Saúde
OMS recomenda que se fale a respeito. Foto: Reprodução

Toda profissão tem seus tabus. No jornalismo, um dos tabus é a divulgação de notícias de suicídio. Existe, entre os profissionais da área, uma crença de que a divulgação de casos de suicídio serviria como estímulo para que pessoas que estão em depressão façam o mesmo, tirando a própria vida. Com base nessa ideia é que somente são noticiados os suicídios de pessoas famosas.

Porém, diferentemente da prática adotada pela imprensa brasileira hoje, a OMS não é a favor de que se deixe de noticiar os casos de pessoas que tiram a própria vida. A OMS entende que suicídio é um problema de saúde pública. Por isso, defende que o assunto seja noticiado, porém, com base em determinados princípios.

A OMS defende, por exemplo, referir-se ao fato como “suicídio consumado”, não como suicídio “bem sucedido”. Defende, também, que sejam apresentados somente dados relevantes e, nos jornais, que seja noticiado apenas nas páginas internas. No manual, a OMS recomenda que qualquer problema de saúde mental que a pessoa tiver seja trazido à tona e também que se evite exageros, como mostrar a cena do suicídio e o método utilizado.

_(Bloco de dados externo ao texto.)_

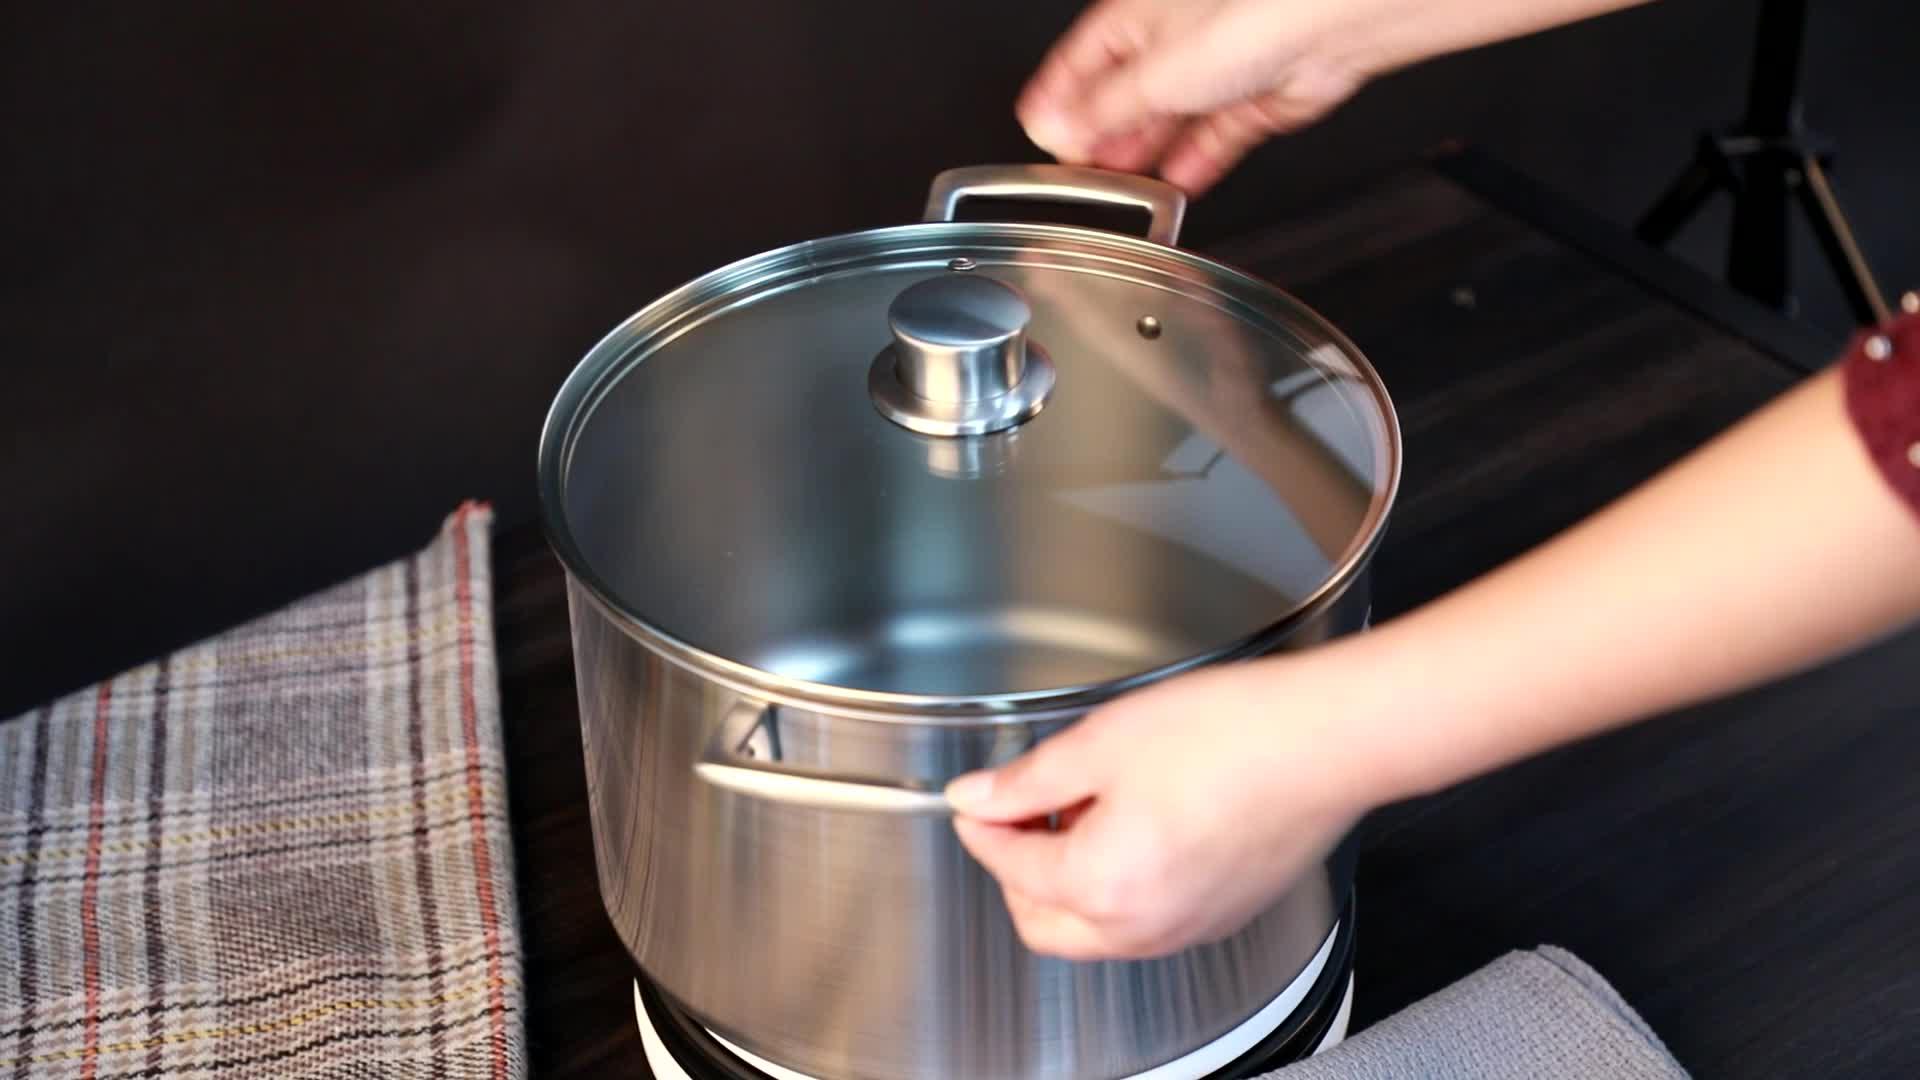 Non stick ผ่าตัดสแตนเลสสตีลไทเทเนียมชุดเครื่องครัว

Conforme o site Nações Unidas Brasil, jornalistas da América Latina estão redefinindo a forma de comunicar suicídios. Por muitos anos, casos de pessoas que tiram a própria vida foram abordados pela mídia como “um espetáculo” ou simplesmente deixaram de ser noticiados por medo de gerar o efeito “contágio”.

No entanto, uma cobertura jornalística responsável pode contribuir para a prevenção do suicídio, reduzindo o risco de um comportamento imitador, ajudando a modificar falsas percepções e incentivando as pessoas a procurarem ajuda, disse Claudina Cayetano, consultora regional de saúde mental da Organização Pan-Americana da Saúde (OPAS).

Desde que a Organização Mundial da Saúde (OMS) publicou o documento “Prevenção do suicídio: um manual para profissionais da mídia”, em 2000, muitos jornalistas e profissionais da mídia mudaram sua maneira de relatar o assunto.

“Notamos mudanças na maneira como os jornalistas comunicam sobre suicídio, que já não é tratado com espetacularização ou como um ato heroico de amor, como Romeu e Julieta, mas como um fato da vida com causas complexas que podem ser evitadas”, explicou Claudina.

Nas Américas, há mais de 81 mil mortes por suicídio a cada ano. Os principais métodos incluem asfixia (44%), armas de fogo (31%), envenenamento por álcool e drogas (9%) e envenenamento por pesticidas e outros produtos químicos (7%).